Знаю, что нужно бы помолчать. Но поделать с собой ничего не могу. Слова сами слетают с языка. Муцуми смотрит куда-то мимо меня. И вдруг начинает плакать. Антидепрессанты не справляются. Так же, как и нейролептики.
— Хватит! — резко говорит Такэо. — Собирайтесь.
Юрико сидит, ссутулившись, никак не реагируя на происходящее. Она даже не вздрогнула, когда за ее спиной разбилась бутылка. Только сейчас я замечаю, что на лице у нее кровь. Один осколок порезал щеку. Но она не замечает тонкой струйки крови, стекающей со щеки на подбородок и оттуда на стол.
Я встаю, подхожу к ней и обнимаю за плечи.
— Пойдем, Юрико, — как можно мягче говорю я. — Тебе нужно умыться.

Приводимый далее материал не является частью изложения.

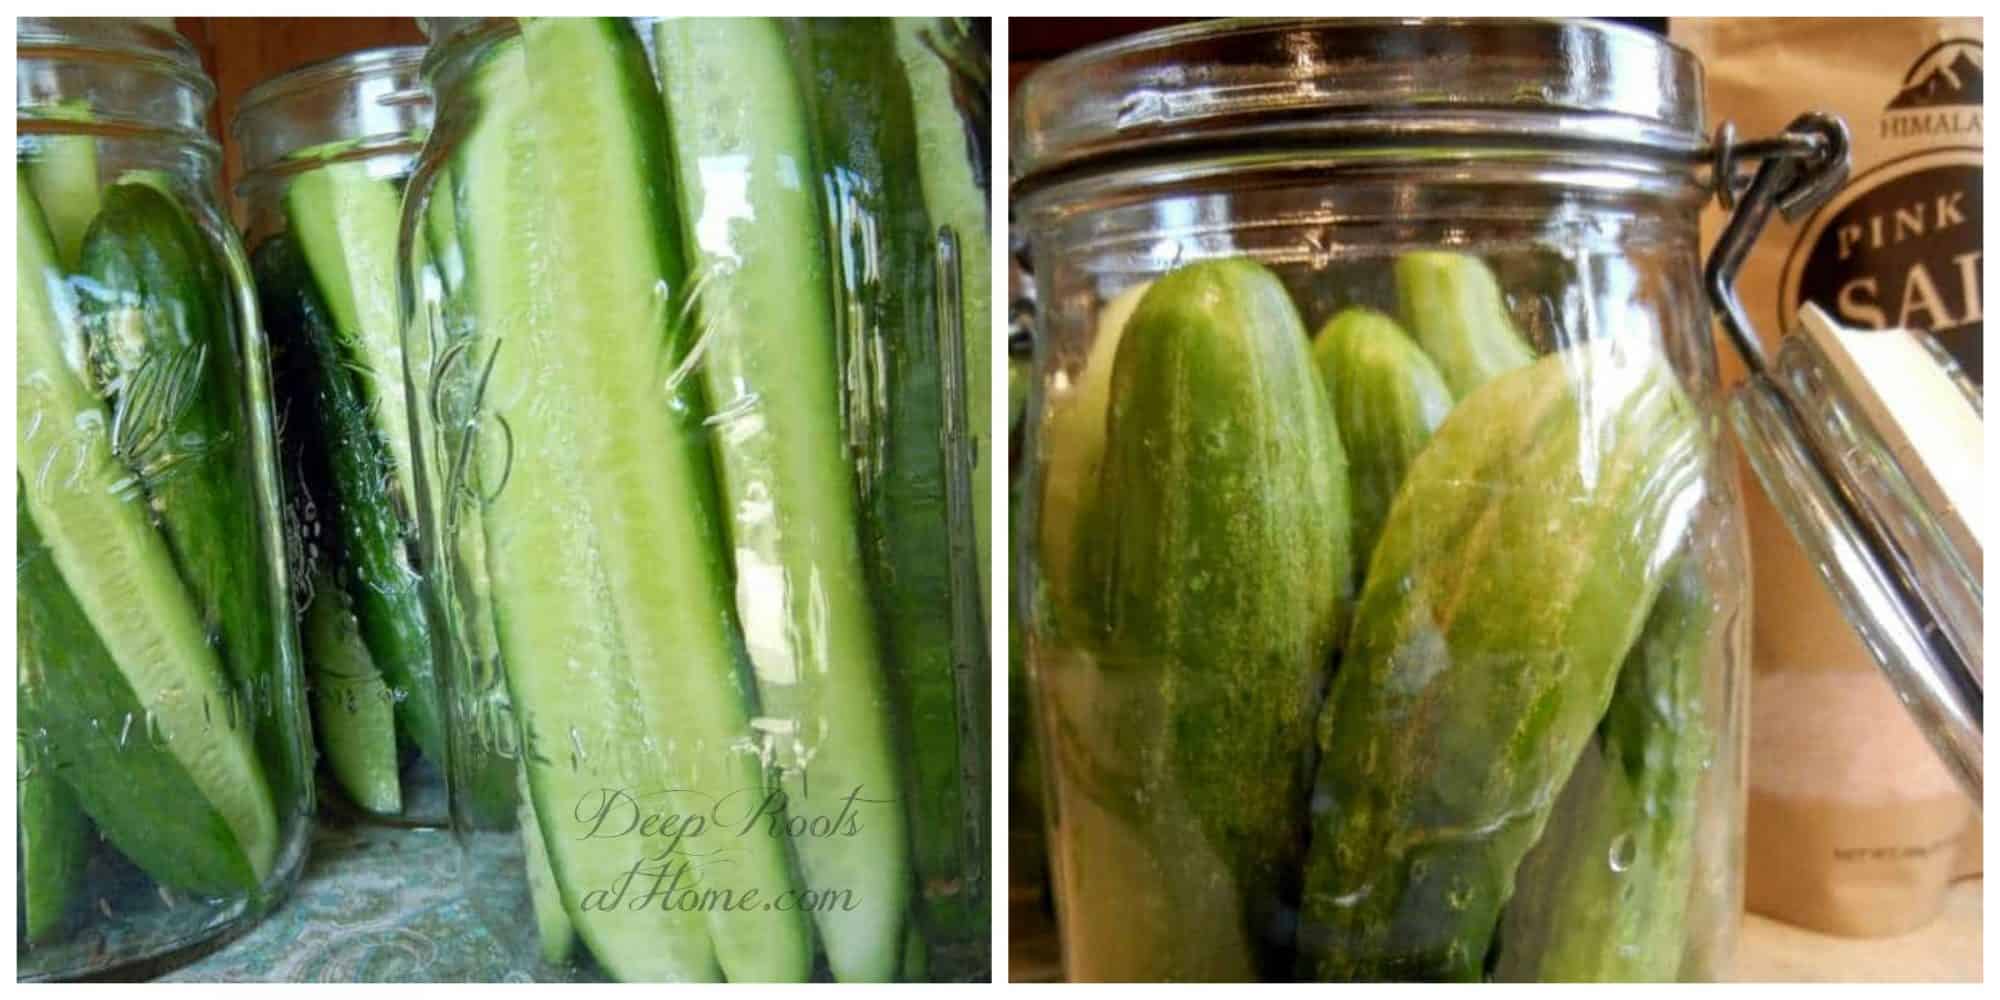 Lacto-Fermented Pickles Like I Had As A Girl, No Canning. slicing and stuffing pickles into jars.
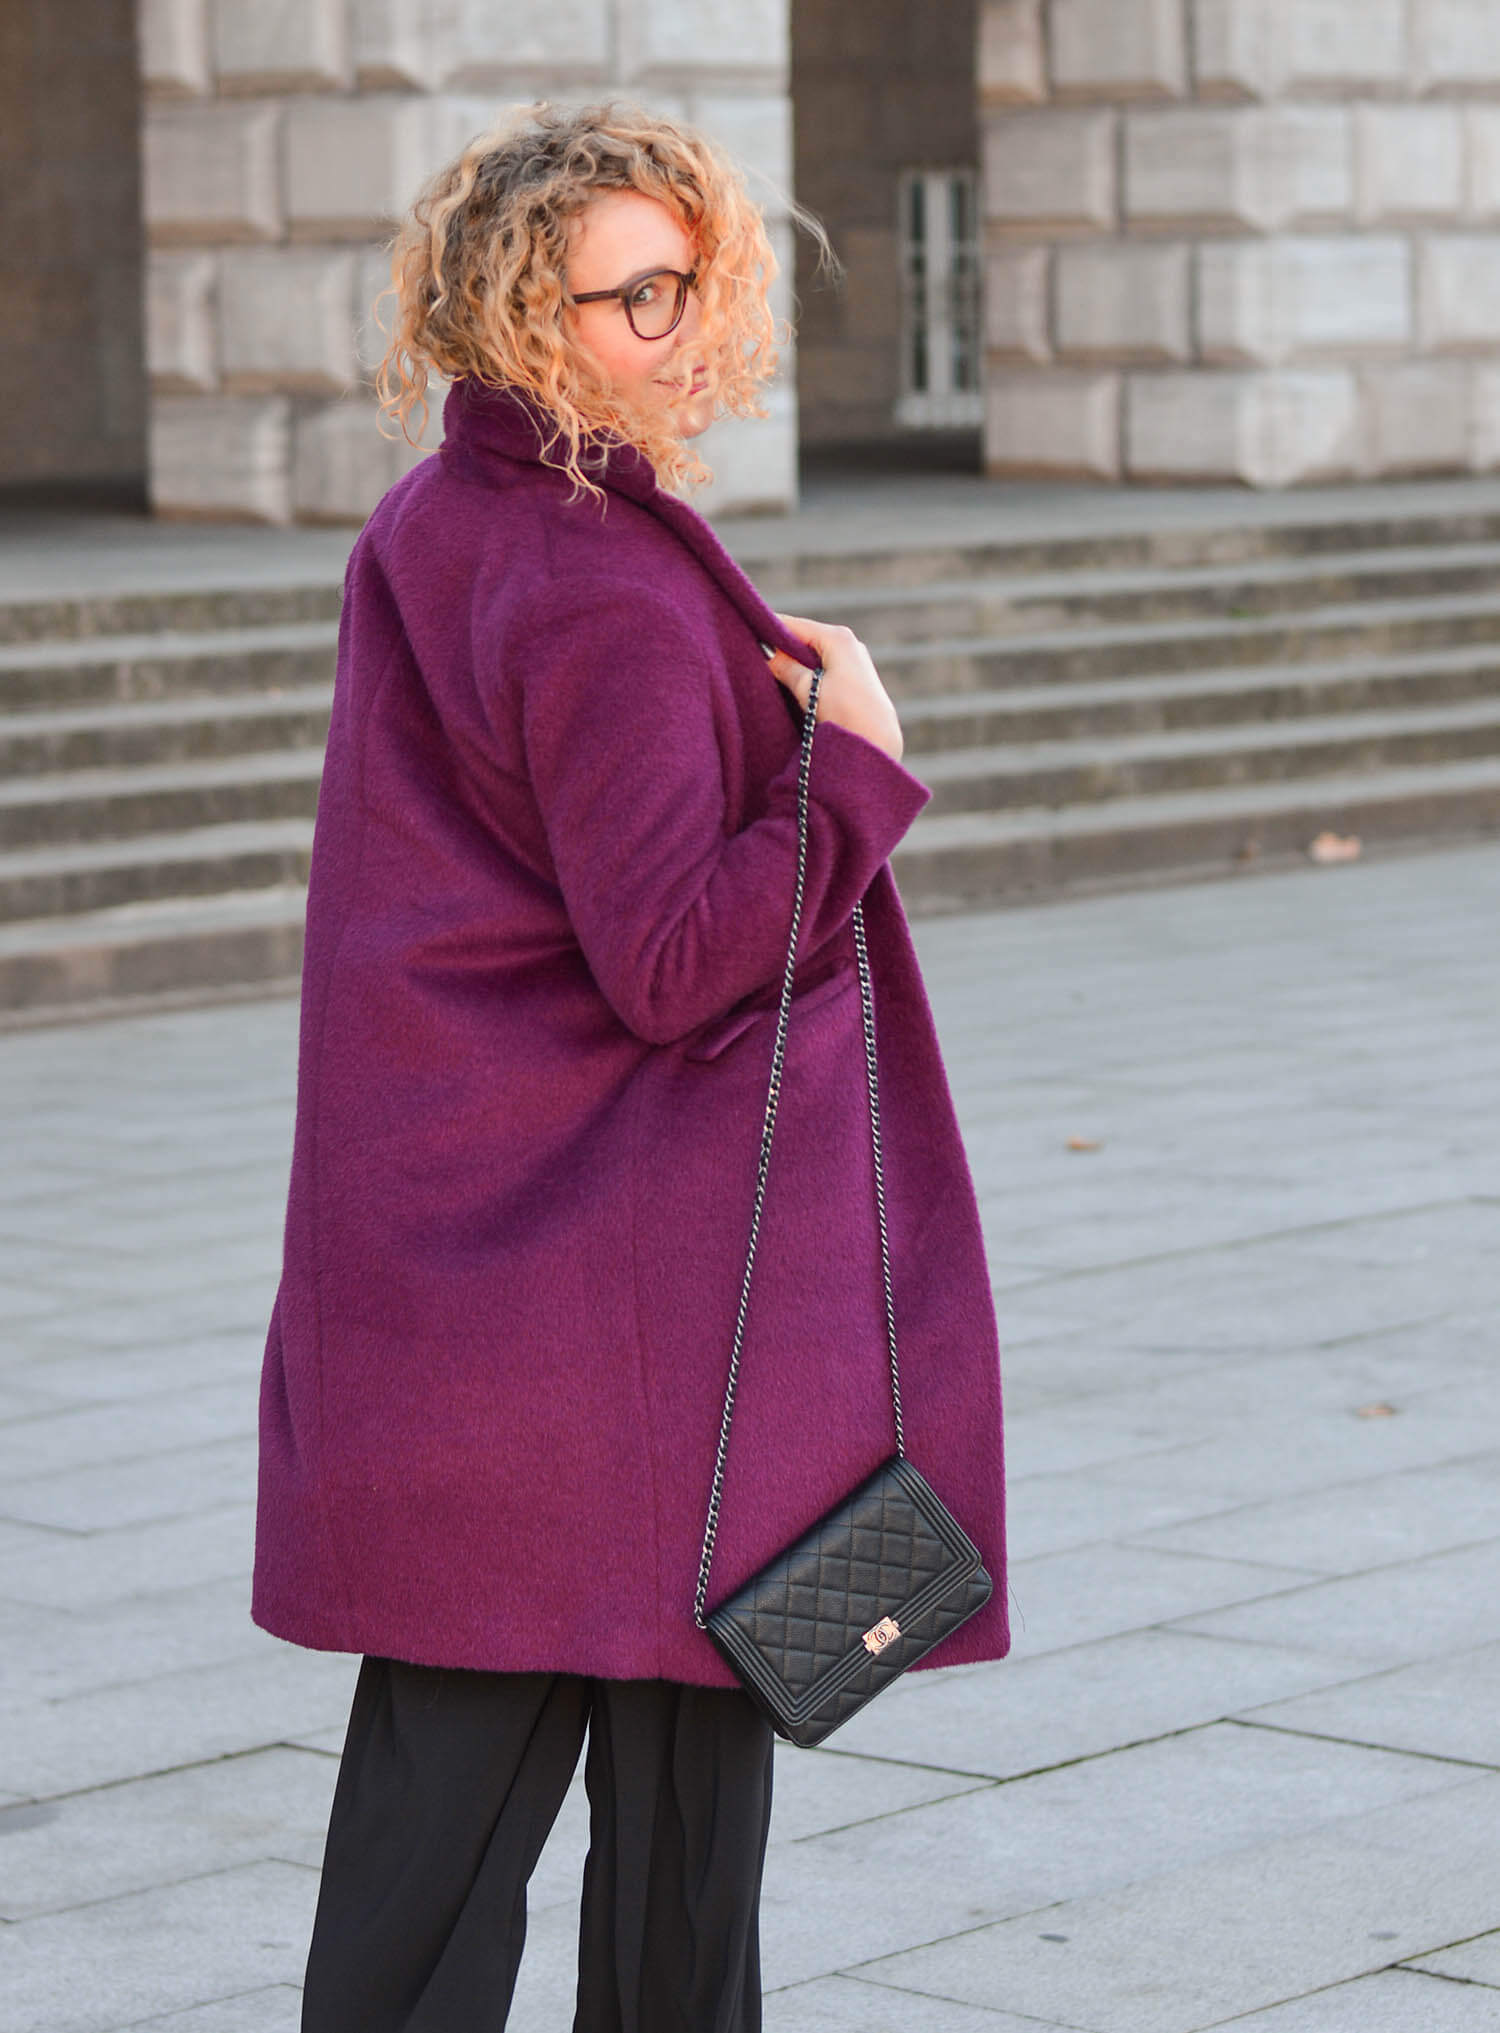 culottes-in-winter-purple-wool-coat-tweed-jacket-sock-boots-kationette-fashionblogger

В ванной Юрико опускает крышку унитаза и садится, запрокинув голову. Я промываю порез. Он довольно глубокий, кровь долго не останавливается. Юрико сидит спокойно, хотя должно здорово щипать. Но она даже не морщится.

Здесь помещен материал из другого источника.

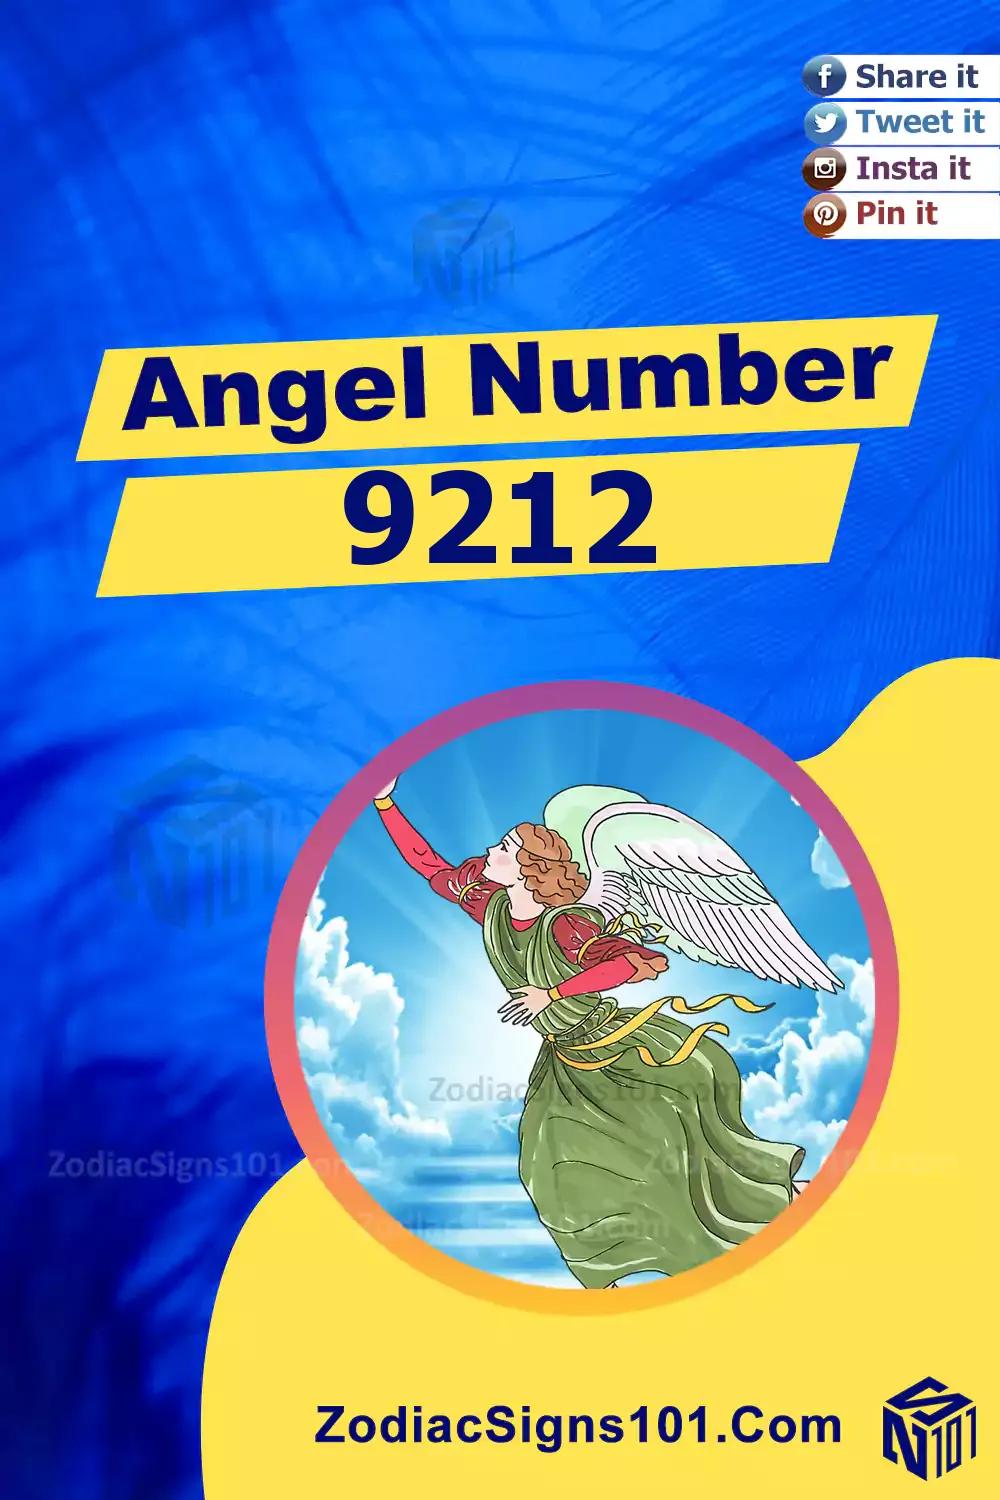 9212 Angel Number Meaning

— Это из-за меня, — говорит вдруг она.
— Что?
— Полиция. Они ищут нас из-за меня.
— С чего ты взяла?
— Знаю.
— Что ты сделала?
— Неважно.
— А все-таки?
— Неважно.
— И как давно они нас ищут?
Она пожимает плечами. Разговор не клеится. Хотя и столько мы с ней не разговаривали почти месяц. Так что прогресс чувствуется. Я решаю не давить на нее. Мне нужен союзник… На брата, кажется, особенно надеяться не стоит. У него есть дела поважнее — ожидание наследства, судя по всему, отнимает все свободное время.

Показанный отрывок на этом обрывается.